Open 980202006 opened 5 months ago
You VAE loss is really low, may I ask how many steps do you train the VAE? I'm currently training the VAE for about 300000 steps and the loss is about 3.5. I'm using a quite large dataset.
Sorry, I remembered it wrong. VAE loss is about 1.0, but the effect is still not good enough. Can you tell me about your data volume and distribution? Maybe it's a coding problem?
I'm using the stable_audio_2_0_vae.json config, i didn't change the model. I think maybe your dataset is not large enough? I'm using Audioset + VGGSound + mtg-jamendo + BBCSoundEffect +CommonVoice + free_to_use_sound and a bunch of other smaller dataset, here is my sample:
It is true that your data set is more complex and the loss should be larger. Is there a demo of the reconstruction effect?
It is true that your data set is more complex and the loss should be larger. Is there a demo of the reconstruction effect?
The video in my above comment is the demo, I think it's quite good.
Yes! This reconstruction works very well. What is the loss of the diffusion model you trained?
I will start to train the diffusion model in the next few days, will update my status in this issue :)
Waiting for your good news!
Thank you for sharing @BingliangLi ❤️
Would you kindly share your model config and dataset config for beginners' reference? I would really appreciate it!!
Sorry, I remembered it wrong. VAE loss is about 1.0, but the effect is still not good enough. Can you tell me about your data volume and distribution? Maybe it's a coding problem?
my diffusion's mse loss is 0.8 and I have the same concern with you... could you please also share your diffusion loss curve figure ? Thank you.
我使用的是 stable_audio_2_0_vae.json 配置,我没有更改模型。我想也许你的数据集不够大?我使用的是 Audioset + VGGSound + mtg-jamendo + BBCSoundEffect +CommonVoice + free_to_use_sound 和一堆其他较小的数据集,这是我的示例:
侦察_00326001.mp4
This reconstruction works very well,How many GPUs did you use for training, and what was the batch size?
我使用的是 stable_audio_2_0_vae.json 配置,我没有更改模型。我想也许你的数据集不够大?我使用的是 Audioset + VGGSound + mtg-jamendo + BBCSoundEffect +CommonVoice + free_to_use_sound 和一堆其他较小的数据集,这是我的示例: 侦察_00326001.mp4
This reconstruction works very well,How many GPUs did you use for training, and what was the batch size?

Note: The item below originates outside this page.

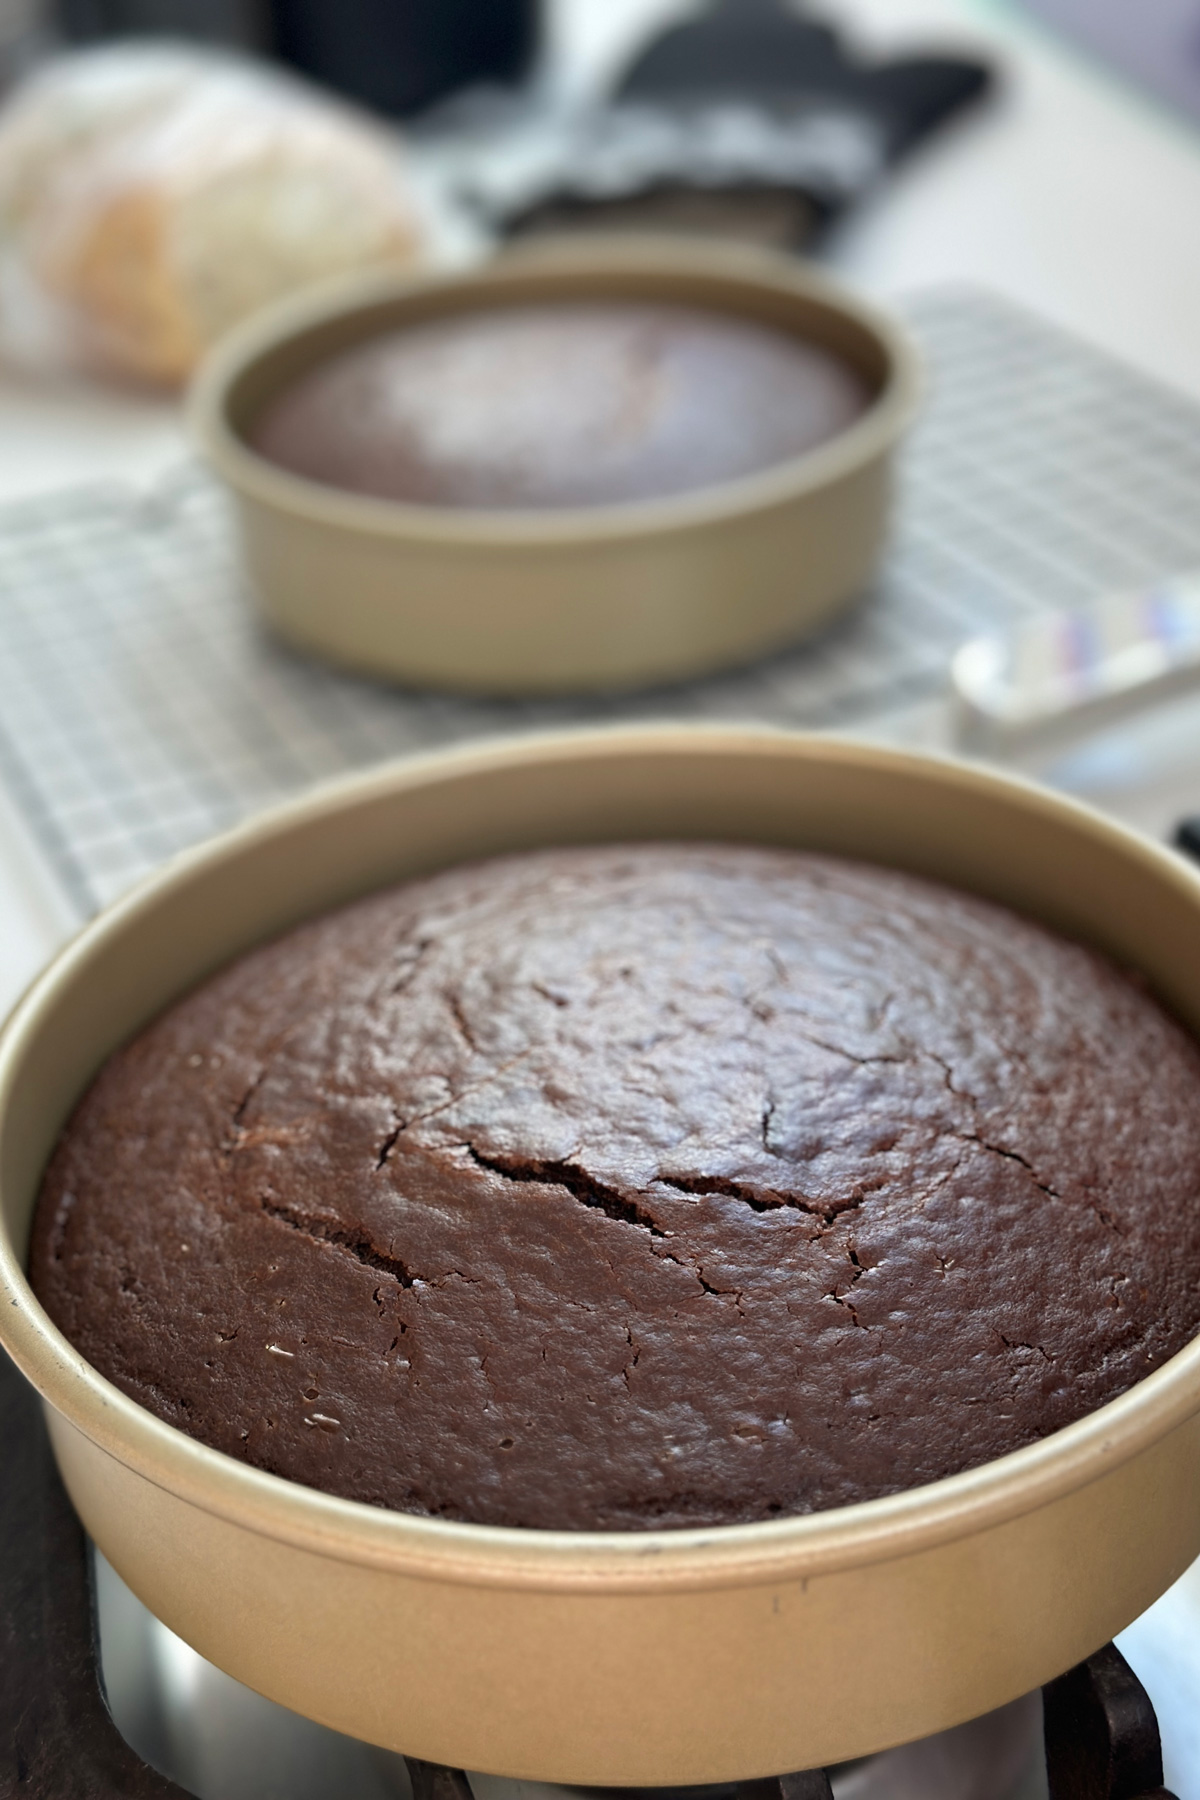 2 vegan chocolate cakes fresh out of the oven

I trained the model for 1000000 stpes with 8 A100 80G, with batch size set to 16, however the recon result is good enough around 500000 steps. I haven't start to train the diffusion yet, but I will do it before July.
hey there @BingliangLi , did you endup training the diffusion model? Great results! I would love to know what parameters you used
I am training VAE and stable audio2 models from scratch, how much will VAE and Diffusion loss reach?My current VAE loss is about 0.4, and diffusion’s mse loss is 0.53.